What you have to do: All lines in the records below from the line with "3 Bedroom Penthouse" through the line with "Luscious Scans for" are to be given again exactly, both ends included; the pictures are to be left out.

Data for this exercise:
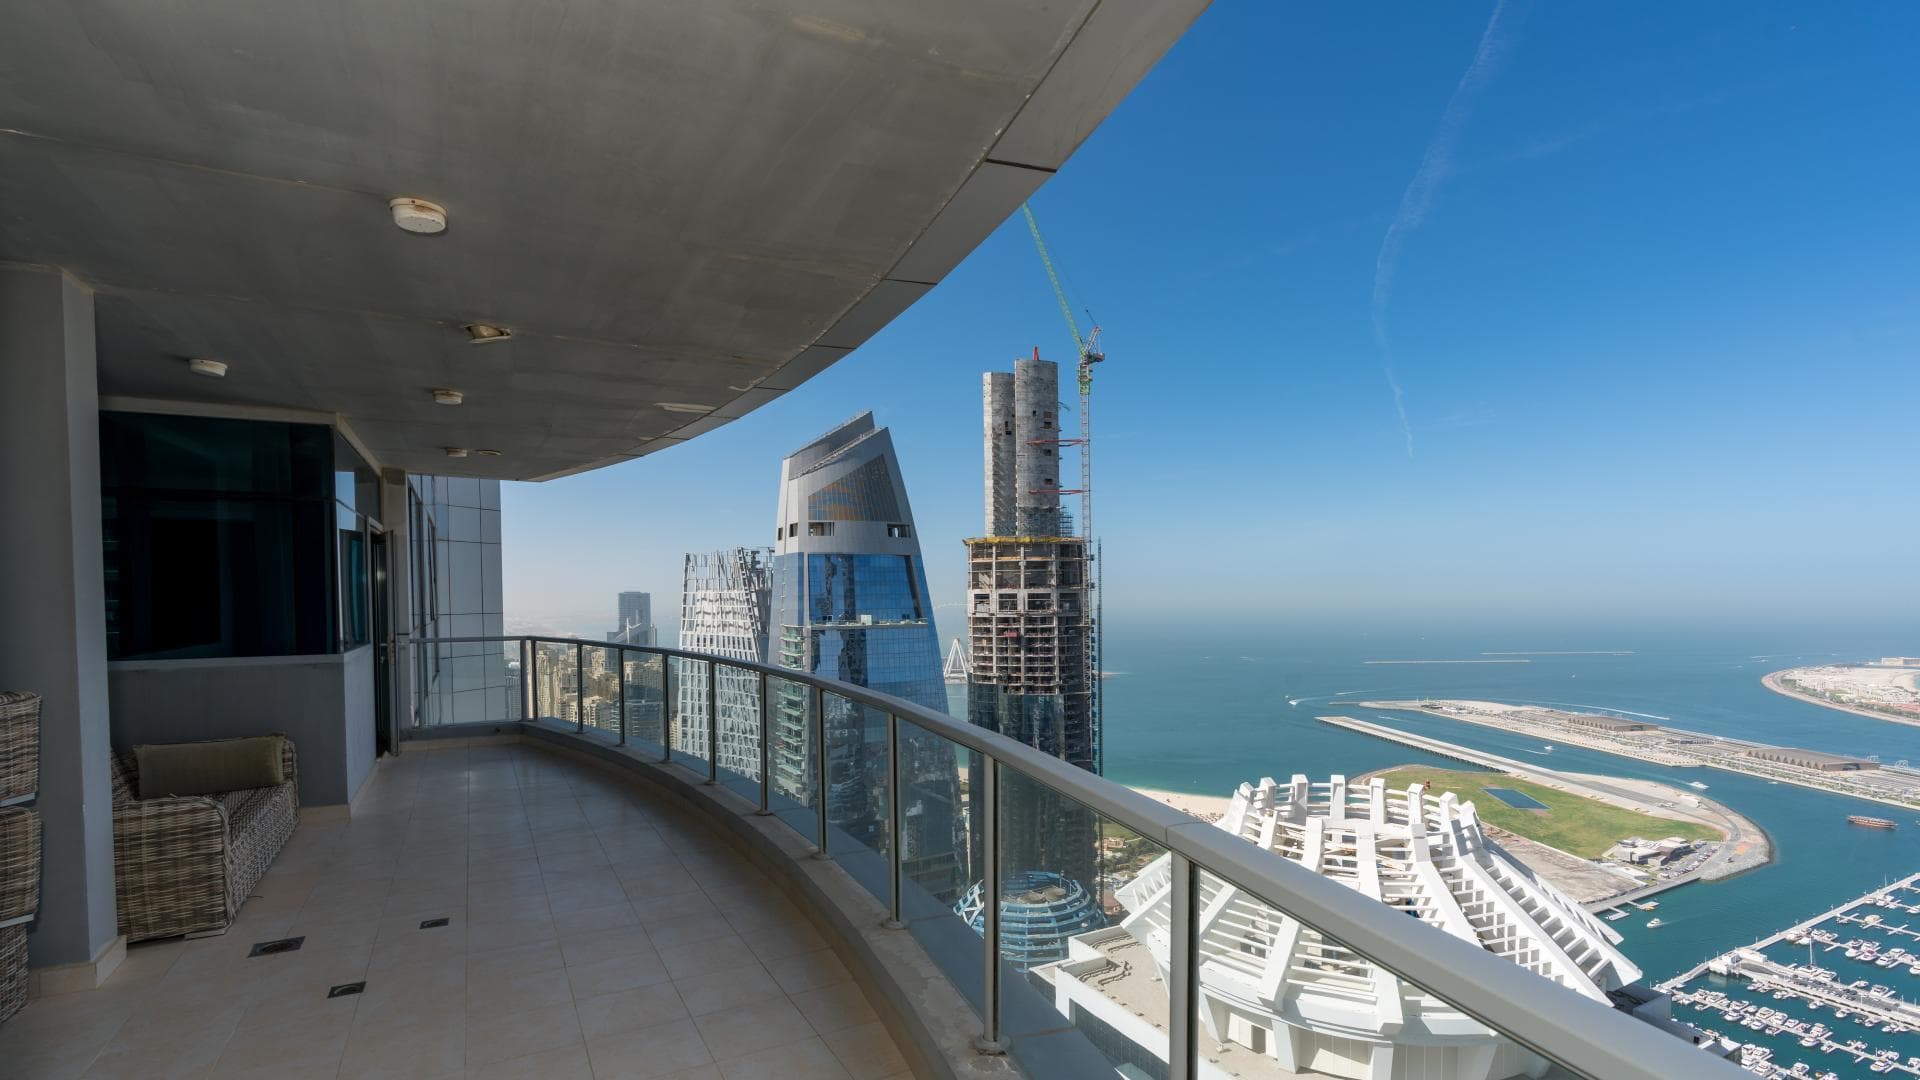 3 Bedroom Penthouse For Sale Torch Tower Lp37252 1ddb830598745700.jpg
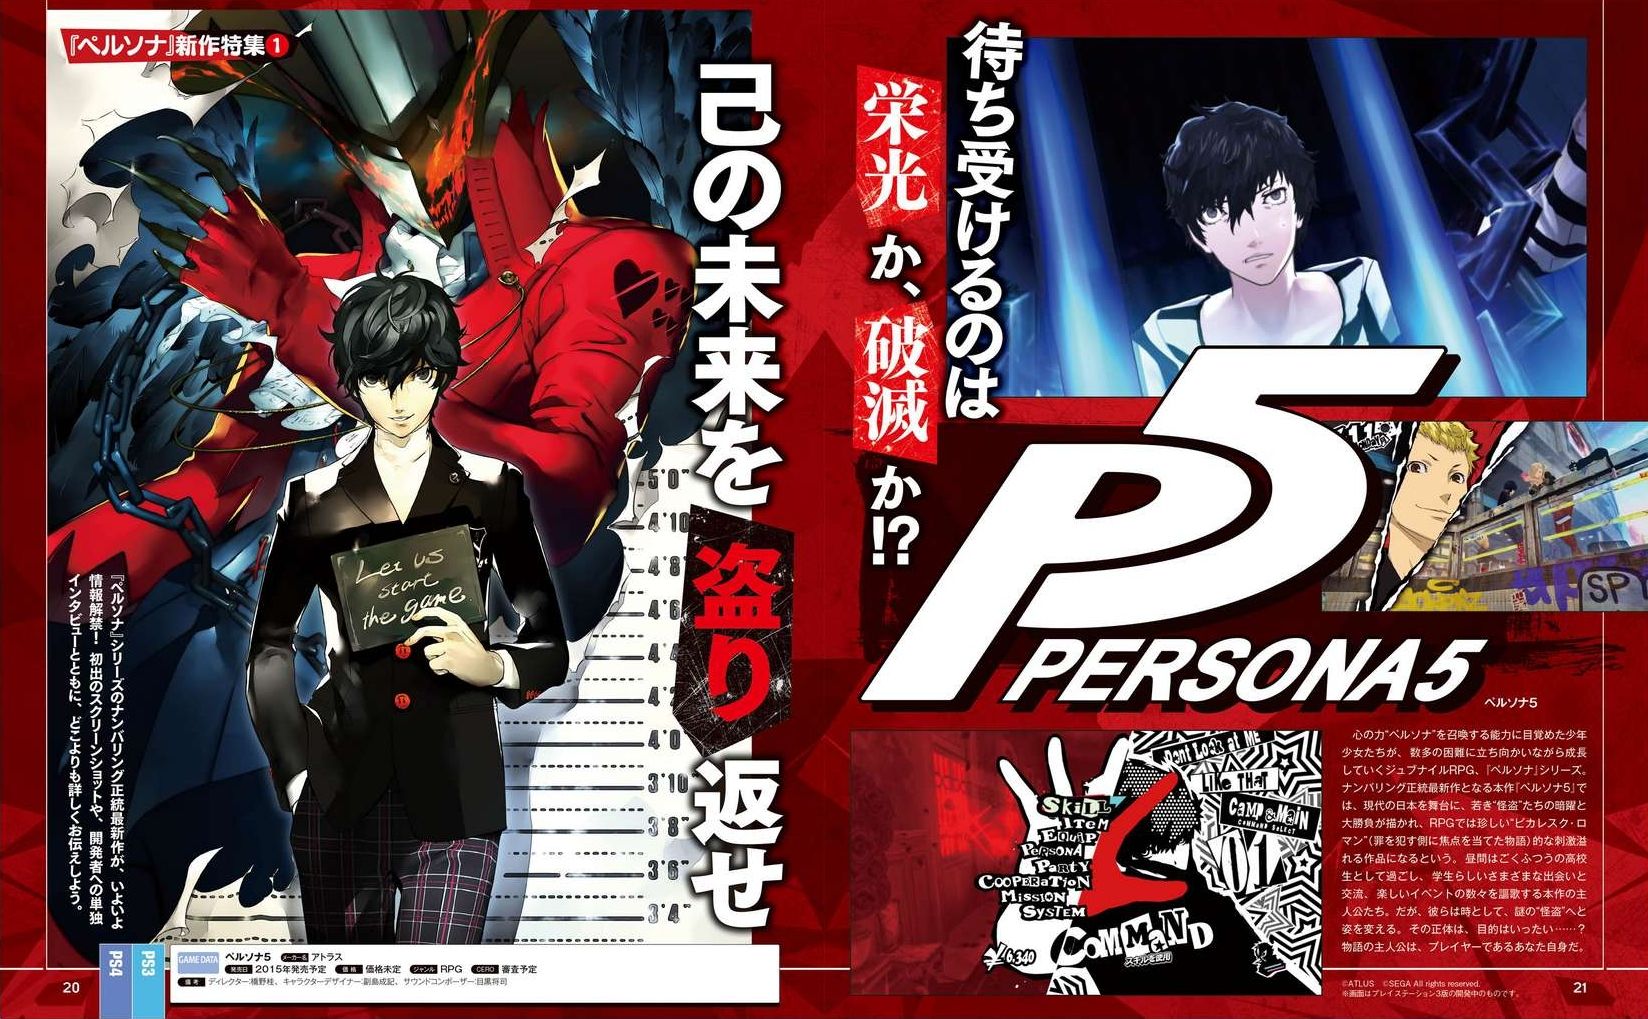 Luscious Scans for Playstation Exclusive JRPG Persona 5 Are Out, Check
---
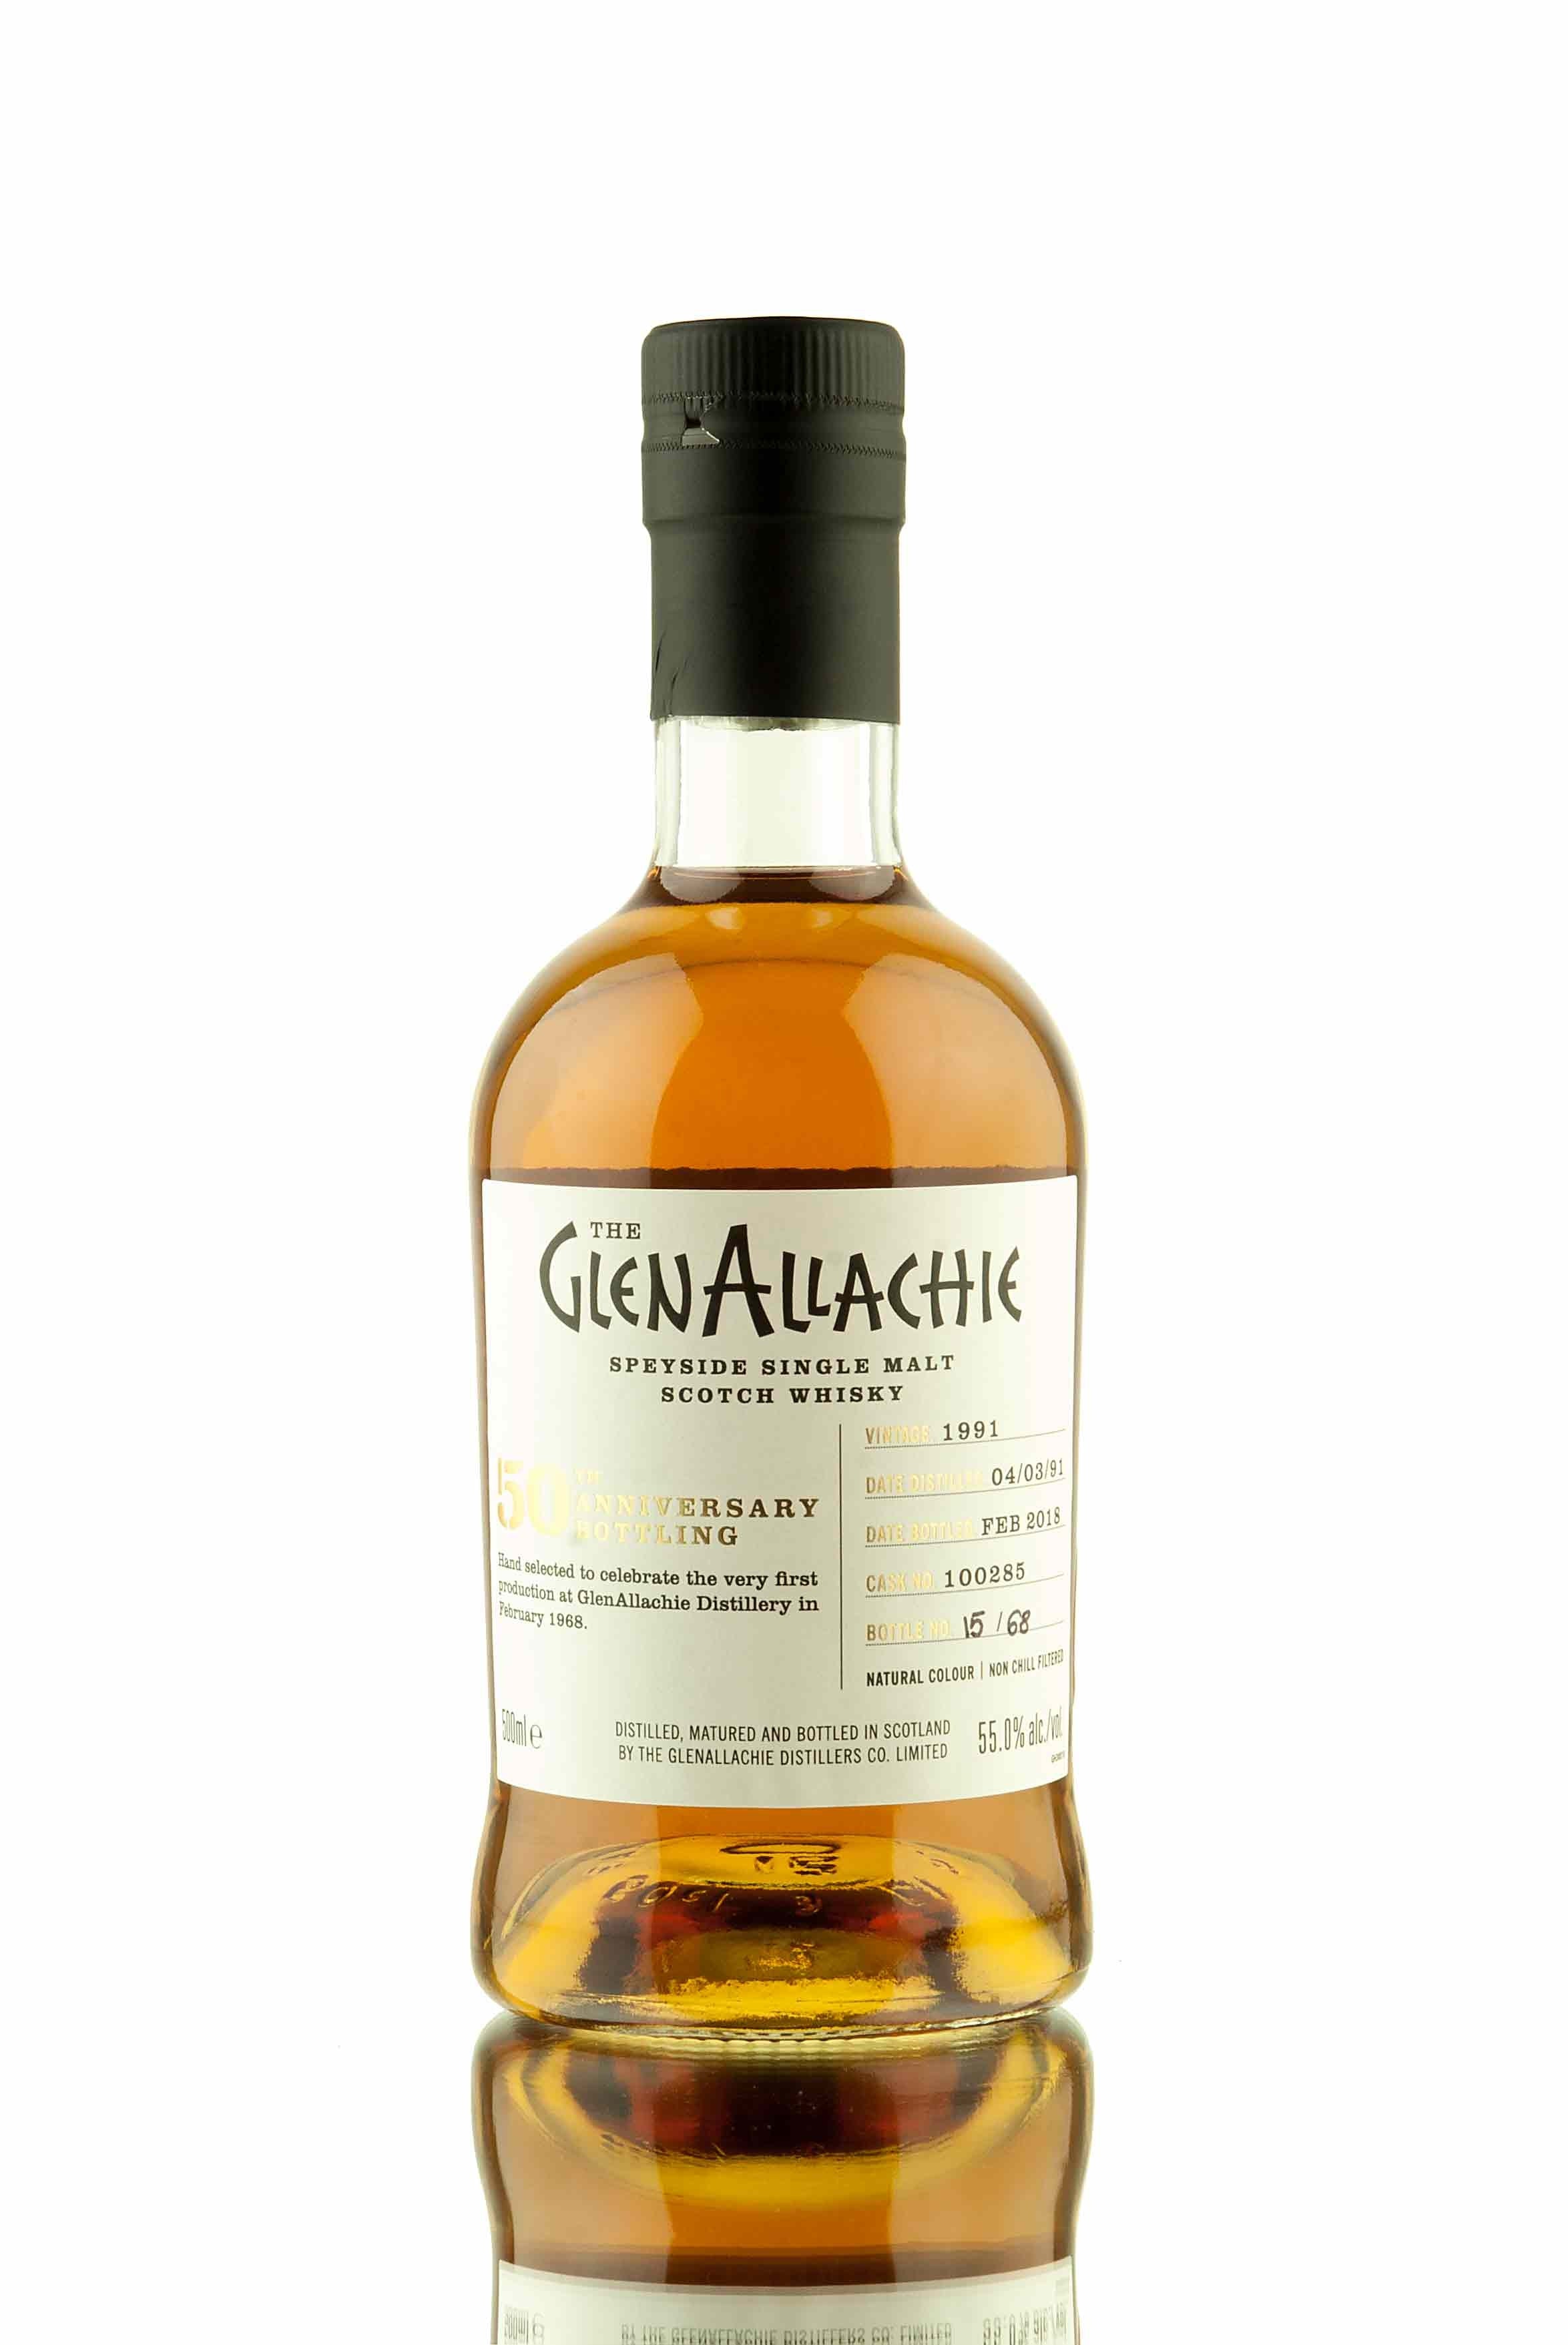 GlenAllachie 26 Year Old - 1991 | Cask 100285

Task output:
 3 Bedroom Penthouse For Sale Torch Tower Lp37252 1ddb830598745700.jpg
 Luscious Scans for Playstation Exclusive JRPG Persona 5 Are Out, Check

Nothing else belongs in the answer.